= AIM OF THE EXERCISE =
Copy out the entire listing below exactly, but without its pictures.

= DATA =
BEGIN

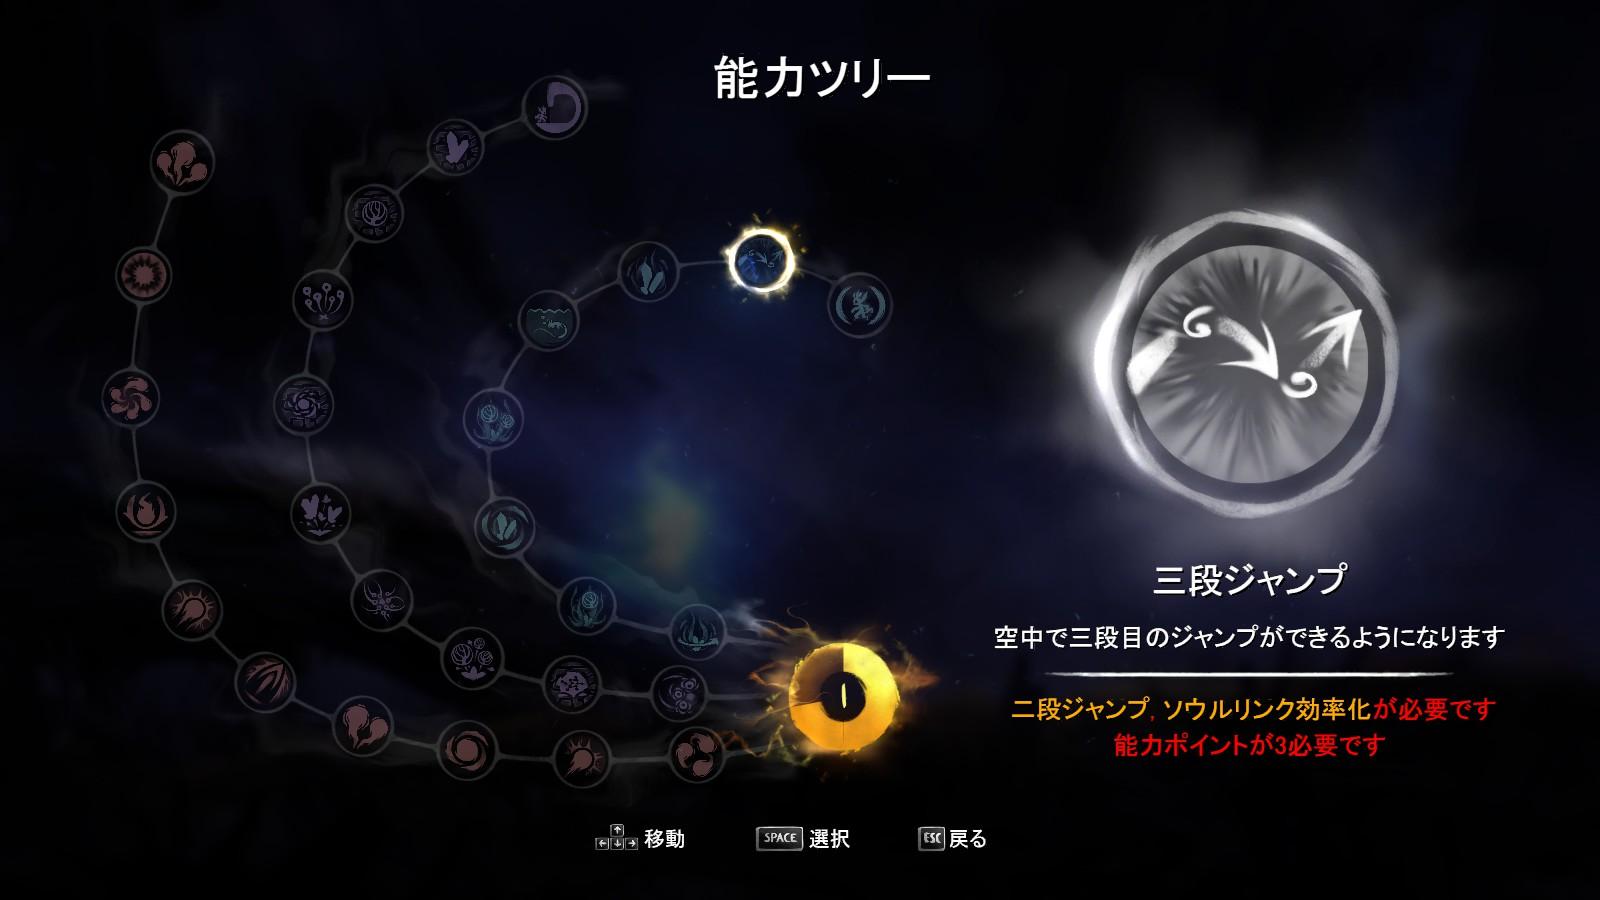 2015-11-29_00001.jpg
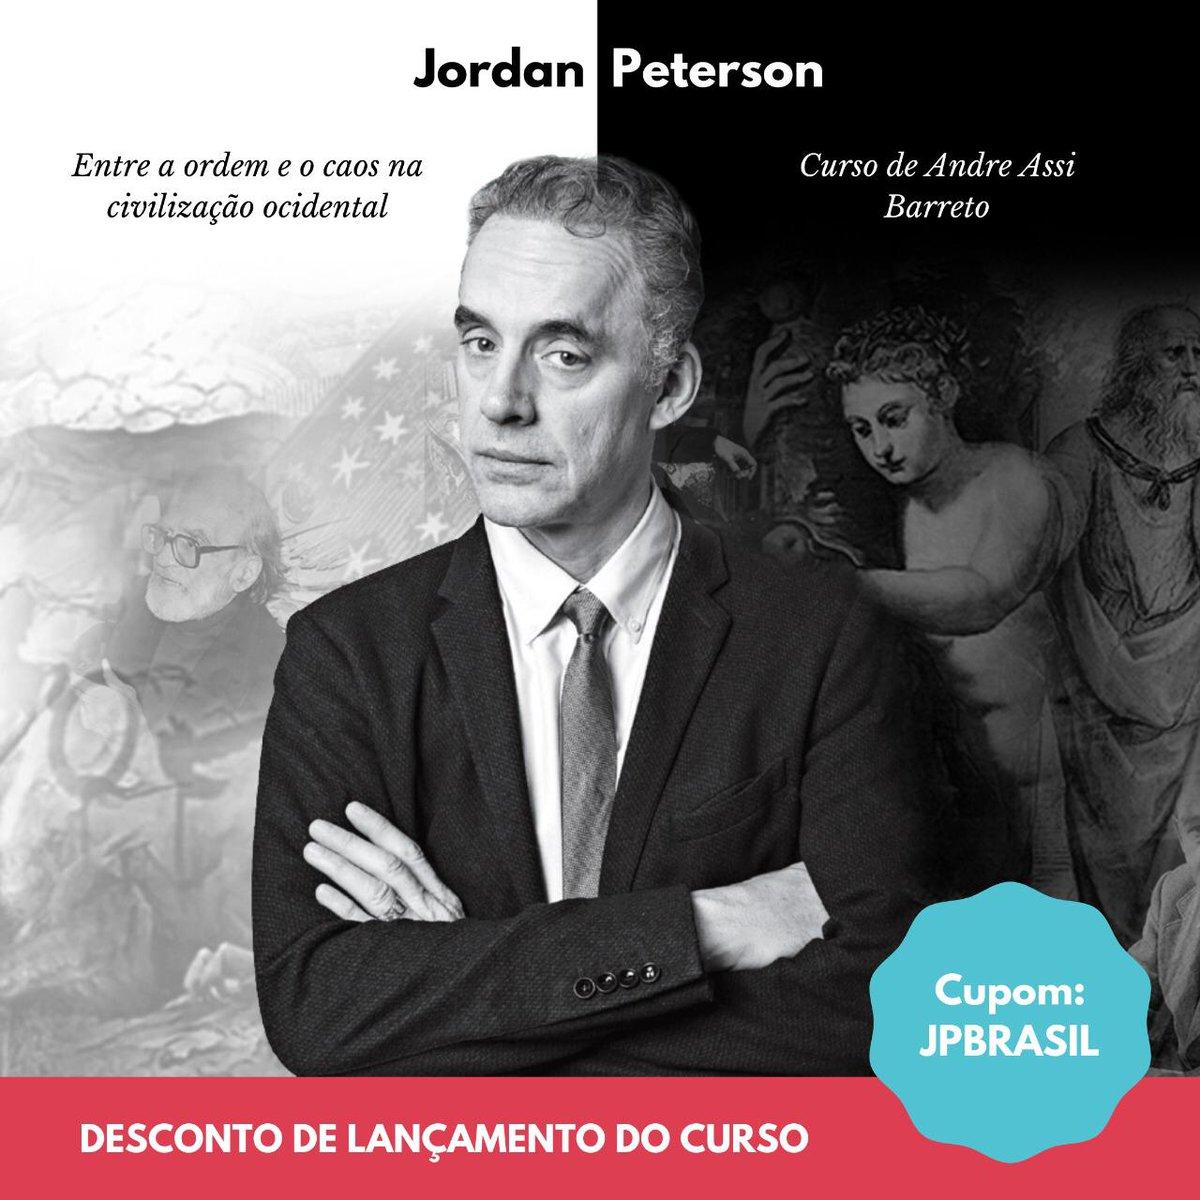 Hoje é o último dia para se inscrever no curso do @aassibarreto sobre o pensamento de Jordan Peterson, o maior psicólogo da atualidade.
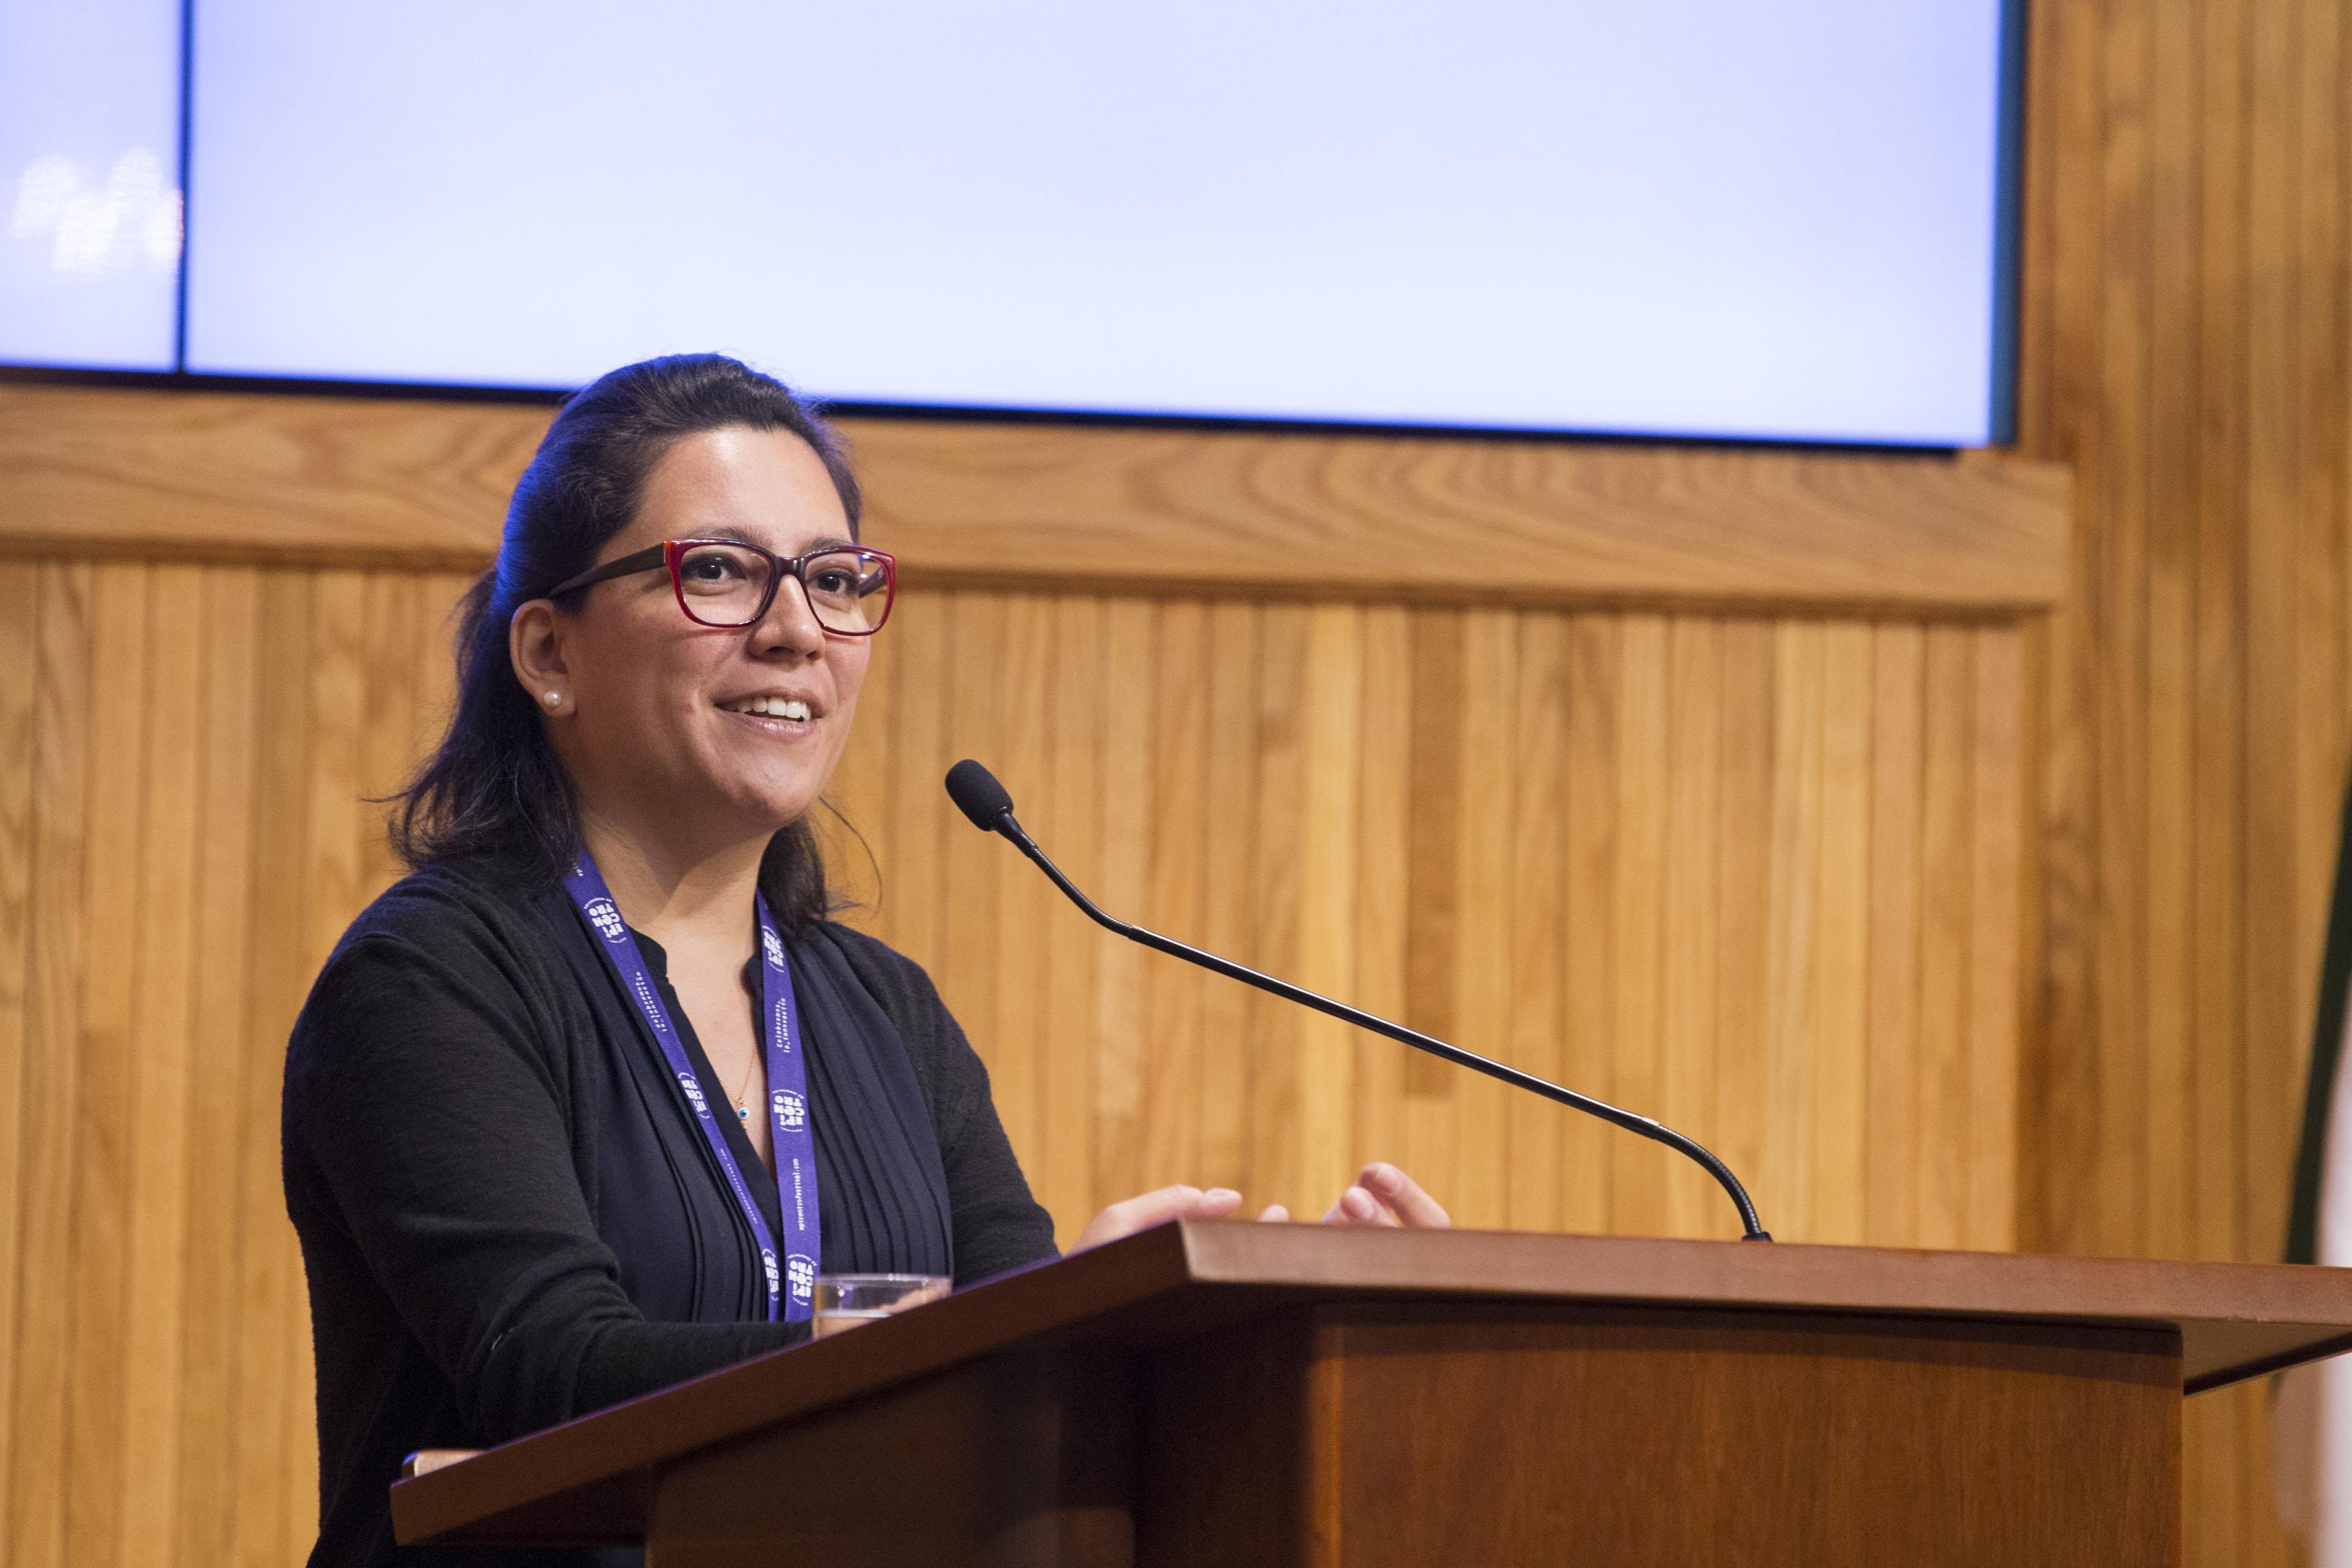 Panelista haciendo uso de la palabra en la inauguración del III Encuentro Latinoamericano de Innovación Social desde el Sector Público (ELIS) 2017, en el Paraninfo Enrique Díaz de León de la UdeG.

END

= RESPONSE AREA =
 2015-11-29_00001.jpg
 Hoje é o último dia para se inscrever no curso do @aassibarreto sobre o pensamento de Jordan Peterson, o maior psicólogo da atualidade.
 Panelista haciendo uso de la palabra en la inauguración del III Encuentro Latinoamericano de Innovación Social desde el Sector Público (ELIS) 2017, en el Paraninfo Enrique Díaz de León de la UdeG.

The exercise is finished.